● **Task brief**:
For this exercise, the lines from the one with "02-92-1108 - Skyndex®Skinfold" through the final line of the data below are to be transcribed exactly, and pictures are to be skipped.

● **Data excerpt**:
━━━━━━━━━━━━━━━━━━━━━━━━━━━━━━

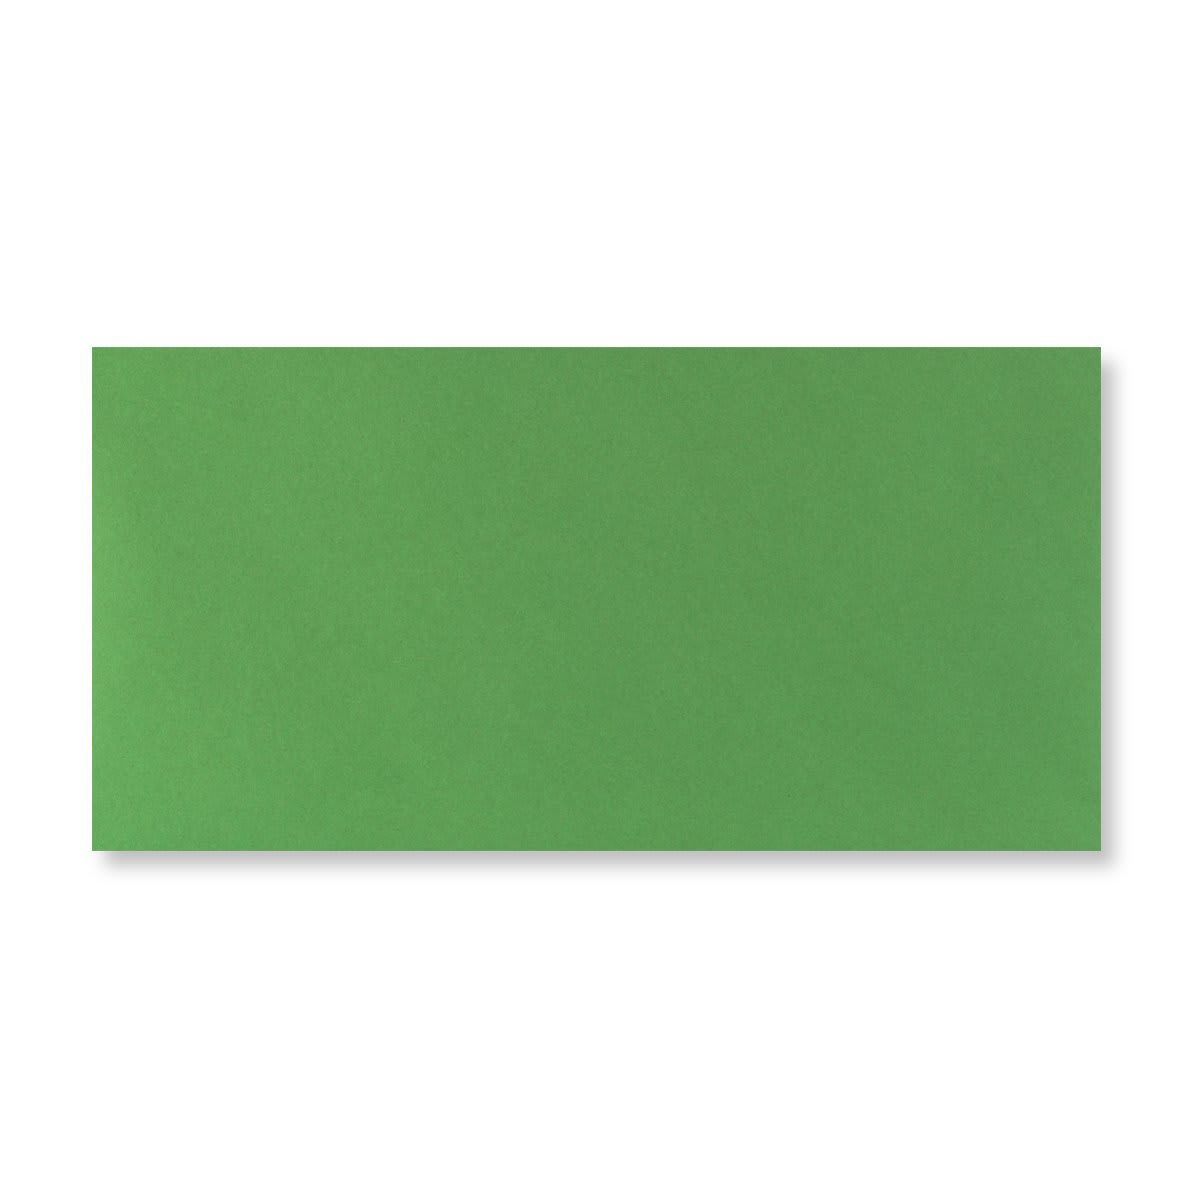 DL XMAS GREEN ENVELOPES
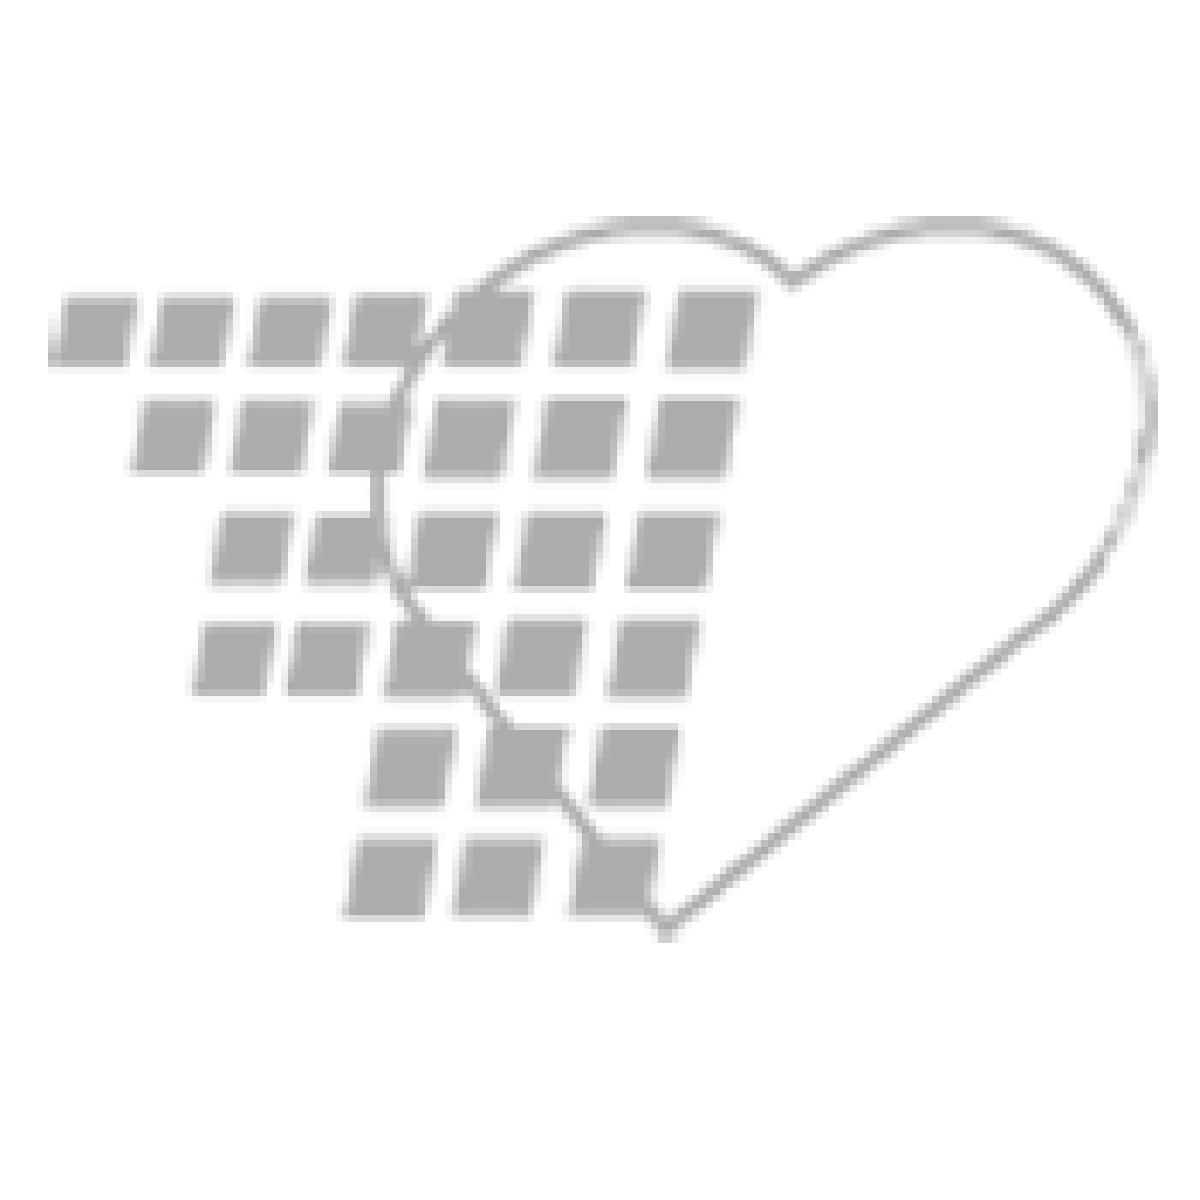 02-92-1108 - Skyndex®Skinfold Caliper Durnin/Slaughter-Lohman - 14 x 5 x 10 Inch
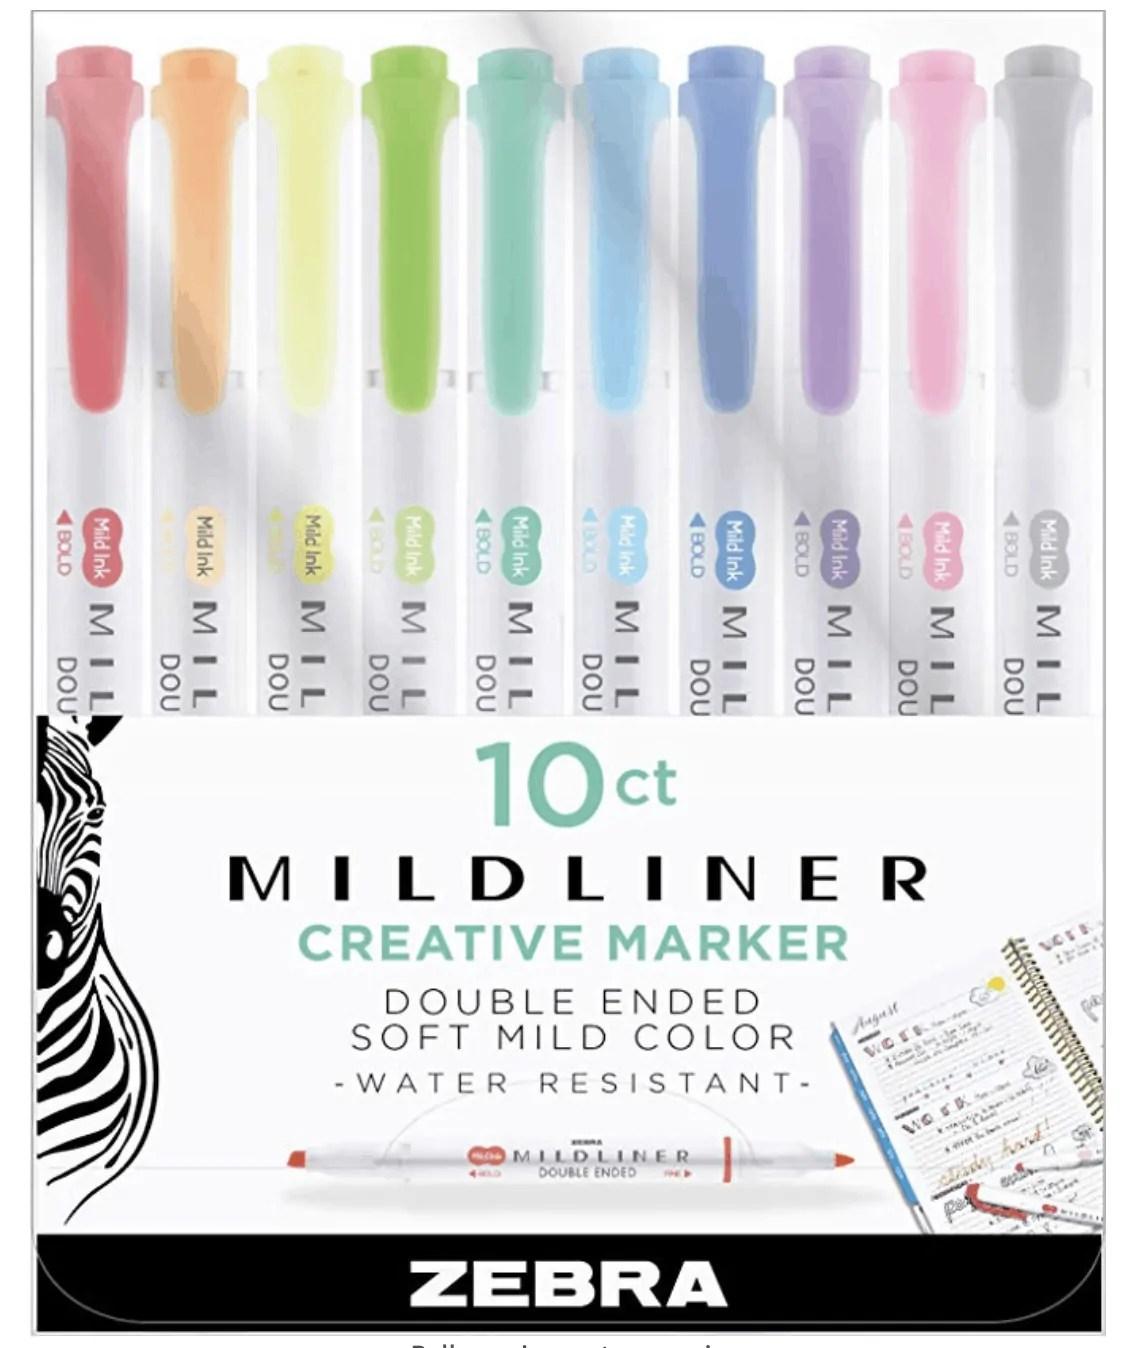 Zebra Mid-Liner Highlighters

━━━━━━━━━━━━━━━━━━━━━━━━━━━━━━

● **Result**:
 02-92-1108 - Skyndex®Skinfold Caliper Durnin/Slaughter-Lohman - 14 x 5 x 10 Inch
 Zebra Mid-Liner Highlighters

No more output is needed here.